Tuesday, 2 November, 2004 - 21:00

THE Australian Industrial Relations Commission in a recent decision has sent a timely warning to employers not to delay in advising the employee once the decision to dismiss has been made.

The employee, a senior computer operator, had received a number of previous warnings from his employer about his inappropriate behaviour and unprofessional language including swearing and acting in a threatening and aggressive manner towards senior management.

This culminated in a meeting on October 8 2003 where the employee again became loud and aggressive, walked in and out of the meeting room several times and made unprofessional comments about management and the organisation.  At the end of the meeting the employer concluded that it could not allow the employee to go back into the working environment in his present state and told him to go home.

A second meeting between senior management and the employee was held five days later.  The employer contended that the meeting was to discuss the employee’s threatening and aggressive behaviour in the October 8 meeting.  Further, that the employee was advised that his dismissal was a possibility.  Following the meeting, the decision was made to dismiss the employee.

The employer subsequently prepared a letter of termination stating the employee would be dismissed effective October 15.  The letter was dated October 17.  The employee argued that he did not receive the letter of termination until the evening of October 22 and that he had found out that he had been dismissed through office rumour prior to receiving the letter of termination. 

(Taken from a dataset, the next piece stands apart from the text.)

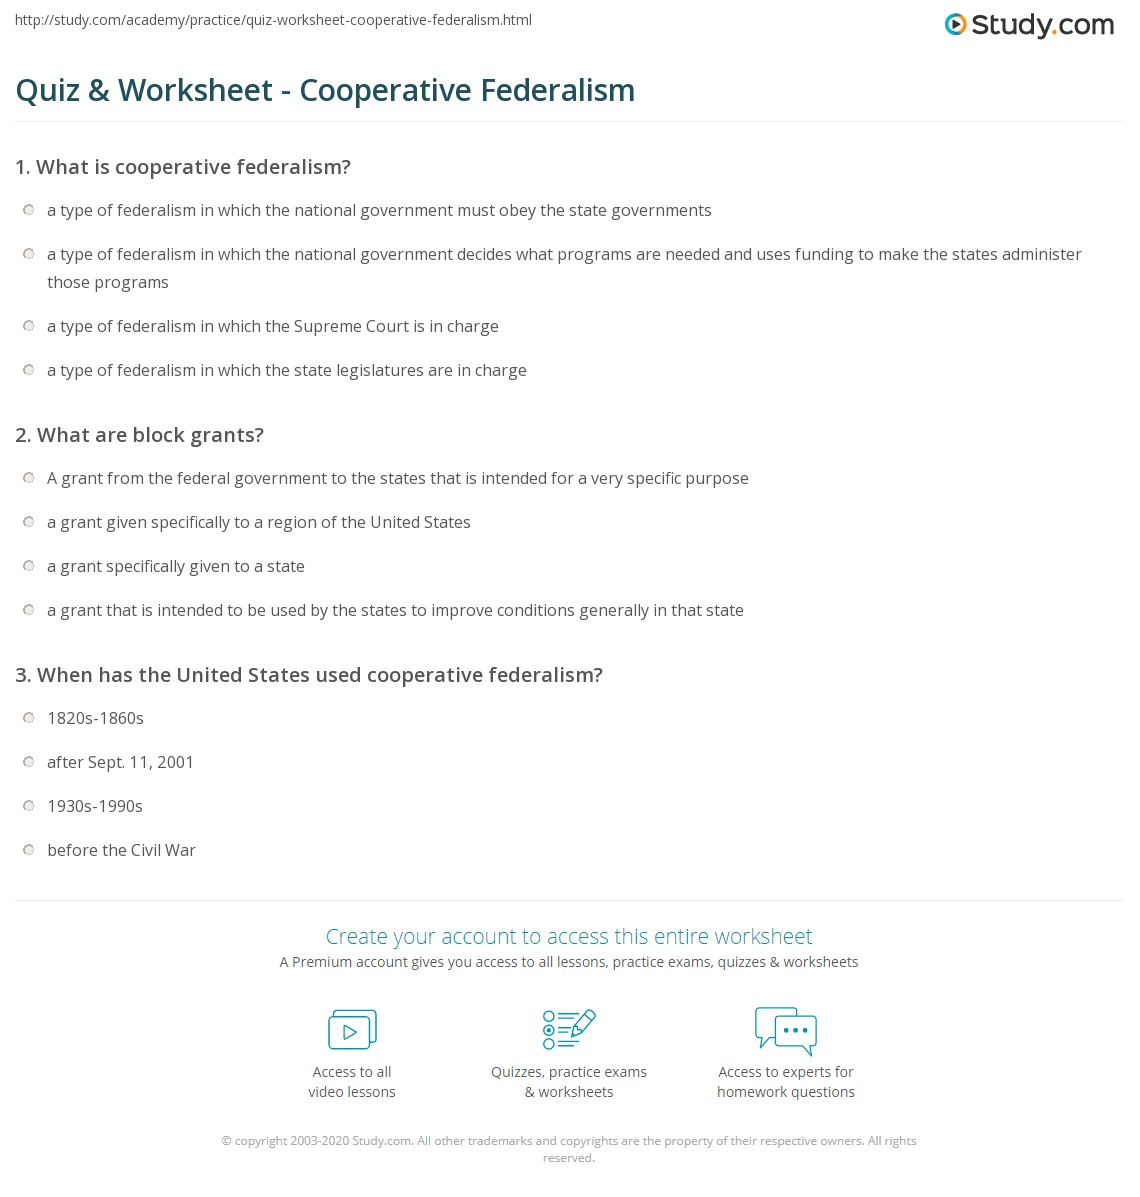 Quiz & Worksheet - Cooperative Federalism | Study.com

The employee filed a claim for unfair dismissal against the employer, alleging he had been victimised and denied the opportunity to respond to the allegations against him.

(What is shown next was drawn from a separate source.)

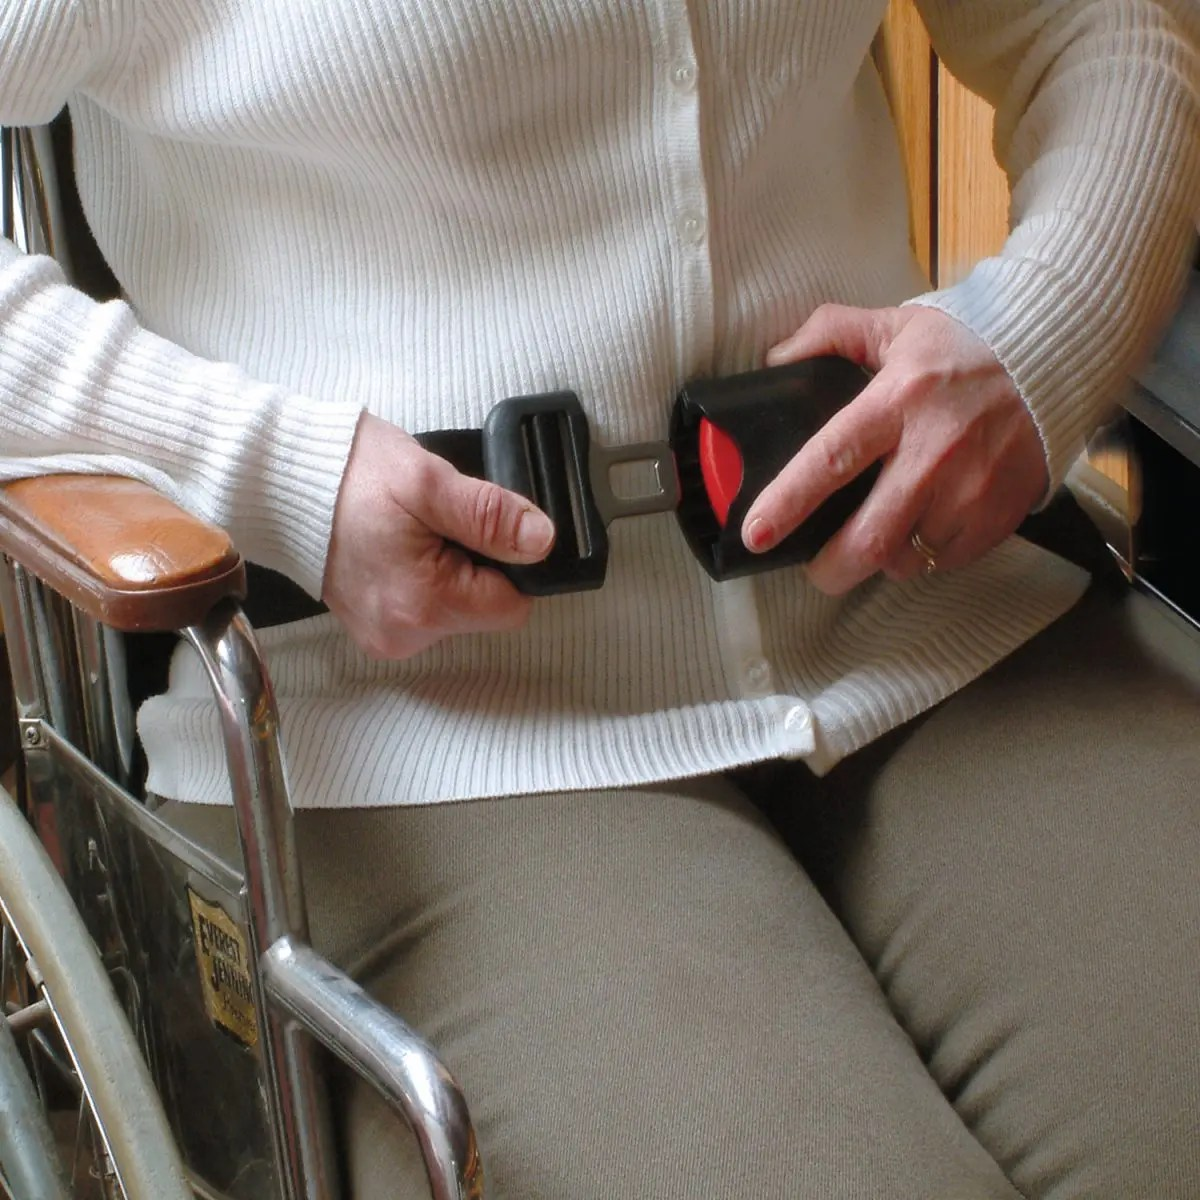 wheelchair seat belt best fitness ball chair easy release alarm tl 2109 castle

The commission found, when taking into account all of the events and the history of inappropriate behavior by the employee, that there was a valid reason for the dismissal.

However, when the commission considered the issue of whether the termination was harsh, unjust or unreasonable, it found that the employer was a large organisation with a dedicated human resources department and that the delay in advising the employee of the decision to terminate his employment was inexcusable and ‘a cause of great concern’.  The situation was further exacerbated by the fact that the employee had heard rumours about his dismissal from his former work colleagues before the employer officially informed him of his dismissal.

The commissioner went on to comment that a letter of dismissal was perhaps the most important communication an employee might ever receive from his employer and suggested that the use of a courier rather than the postal system would have been advisable in the circumstances.

The Commissioner found that whatever the reason, there was no excuse for such a delay, especially in a large organisation with a dedicated Human Resources Department. It was simply not satisfactory that the employee should hear of his dismissal through office rumour before being advised by the employer.

For those reasons the commission found while there was a valid reason for the dismissal the manner in which it was carried out was patently harsh. It awarded the employee $11,488 by way of compensation for lost earnings up to the date of the hearing.